If anyone on Earth can claim to be a cyberspace celebrity, it is Philip
Zimmermann, a soft-spoken data security consultant from Boulder, Colo. Every
day, he is discussed on the Internet and computer bulletin boards in nearly 200
countries and is deluged with E-mail that treats him as a hero, a villain or a
victim.




   This week, the Electronic Frontier Foundation, a cyberspace civil liberties
organization, will give Zimmermann a prestigious Pioneer Award, for helping
protect citizens' privacy by creating a powerful encryption program called
``Pretty Good Privacy'' (PGP) and making it available for free. It has been a
boon to those seeking to protect their E-mail and commercial transactions and,
in some notable cases abroad, shielding communications by human-rights groups
and dissidents in repressive countries.




   But law enforcement and intelligence officials have a different view of
Zimmermann's achievement. He is being investigated for possible violation of
federal arms-export laws because his ``cryptography for the masses'' has slipped
out of America. ``The ability of just about everybody to encrypt their messages
is rapidly outrunning our ability to decode them,'' worries a U.S. intelligence
official. ``It's a lot harder to eavesdrop on a worldwide web than it is to tap
a cable.'' Echoes James Kallstrom, assistant director in charge of the FBI's New
York office: ``We need balanced public policy because it has unbelievable
ramifications for business and law enforcement.''




   ``STRENGTHEN DEMOCRACY.'' There is no coherent policy, and Zimmermann could
end up paying for that.
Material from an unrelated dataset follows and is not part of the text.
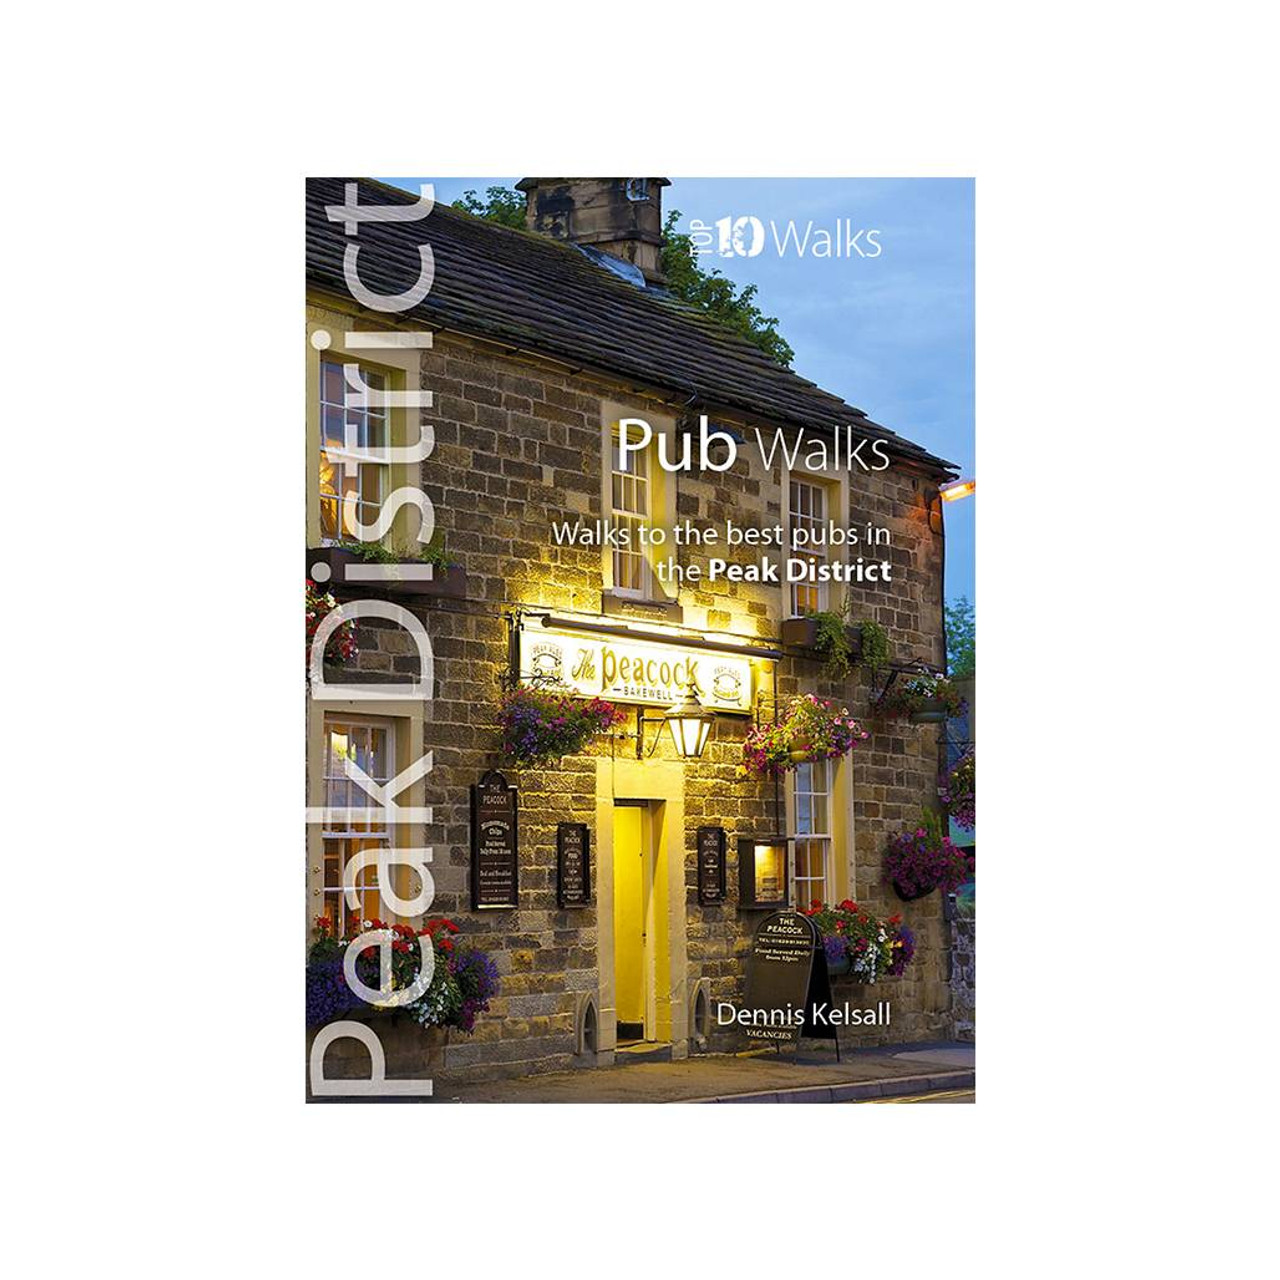 Pub Walks - Top 10 Walks: Peak District
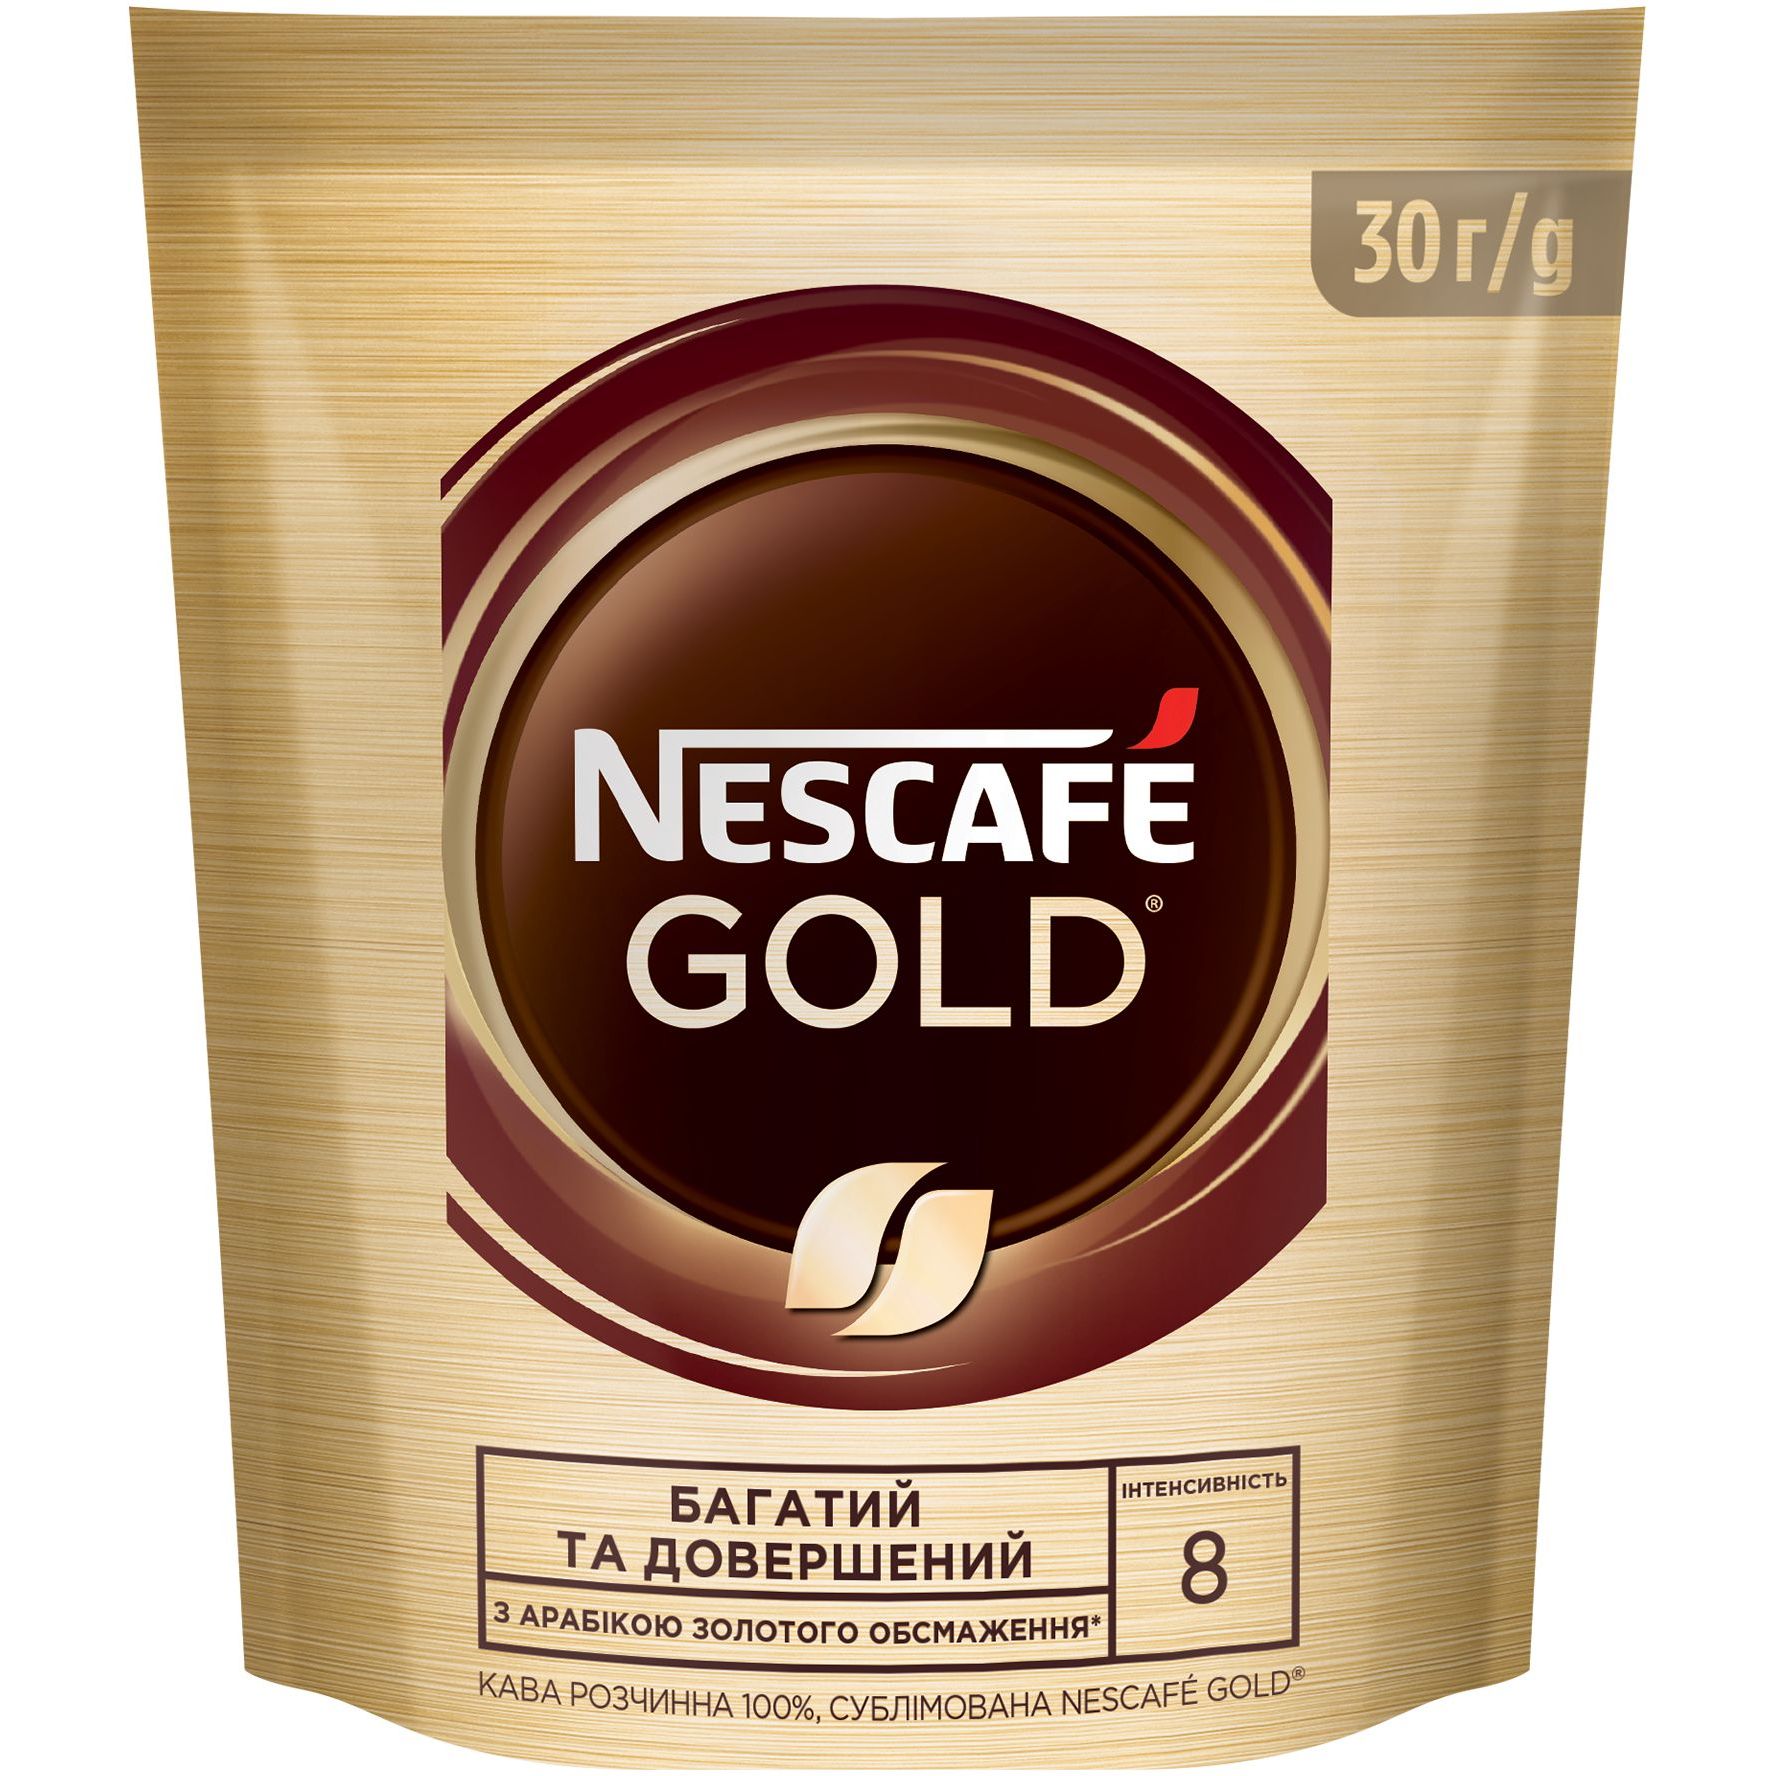 Кава розчинна Nescafe Gold 30 г - фото 1

He says he feared for Americans' privacy rights and
decided to give away PGP in 1991 because Congress was considering banning it.
(No law ever passed.) He says he gave the program to friends, asking them to
distribute it only in the United States: ``I wanted to strengthen democracy, to
ensure that Americans could continue to protect their privacy.''




   But the encryption program ended up on the Internet and has been downloaded
by countless foreigners. So a grand jury in San Jose, Calif., has been gathering
evidence since 1993, pondering whether to indict Zimmermann for violating a
federal weapons-export law--a charge that carries a presumptive
three-to-five-year sentence and a maximum $1 million fine. The investigation is
being led by Silicon Valley Assistant U.S. Attorney William P. Keane; a grand
jury indictment must be authorized by the Justice Department in Washington.




   Zimmermann's woes raise big questions. Can machine-age law be applied fairly
to rapidly developing technology? Is putting software on a computer the same as
exporting it? Is he being strung out in a Kafkaesque nightmare as a warning to
others? Some intelligence officials concede that it's too late to keep
cryptography from spreading and say that intimidating distributors is the only
way they can hope to deter code makers.




   Beyond those issues, the case is saturated with irony. Powerful crypto is
already widely available on Internet-accessible computers. An MIT Internet site
distributes PGP, for example, as does a forum on the CompuServe commercial
service. The latter--easily reached via phone lines from Europe and
Asia--carries this impotent disclaimer: IF YOU ARE NOT A CITIZEN OF THE UNITED
STATES, DO NOT DOWNLOAD THIS FILE. Oddest of all, it is perfectly legal for a
foreign bad guy to buy books containing encryption codes and type them into a
computer.


OOPS!


If Zimmermann is indicted as an alleged arms merchant because his cryptography
ended up in foreign hands, then somebody in the U.S. government probably should
be prosecuted, too. In 1993, the National Institute of Standards and Technology
(NIST) inadvertently placed DES, a strong encryption program, on one of its
Internet-linked computers. Word spread quickly in cyberspace, and a U.S. NEWS
reporter easily found a file copy on a computer in Finland. A NIST spokesman
sheepishly admitted that the accidental crypto ``export'' was a mistaken attempt
to help U.S. computer users strengthen their security.




   Zimmermann says his motivation was also security-minded. It isn't comforting
to him, though, that he might be hanging his Pioneer Award in a prison cell.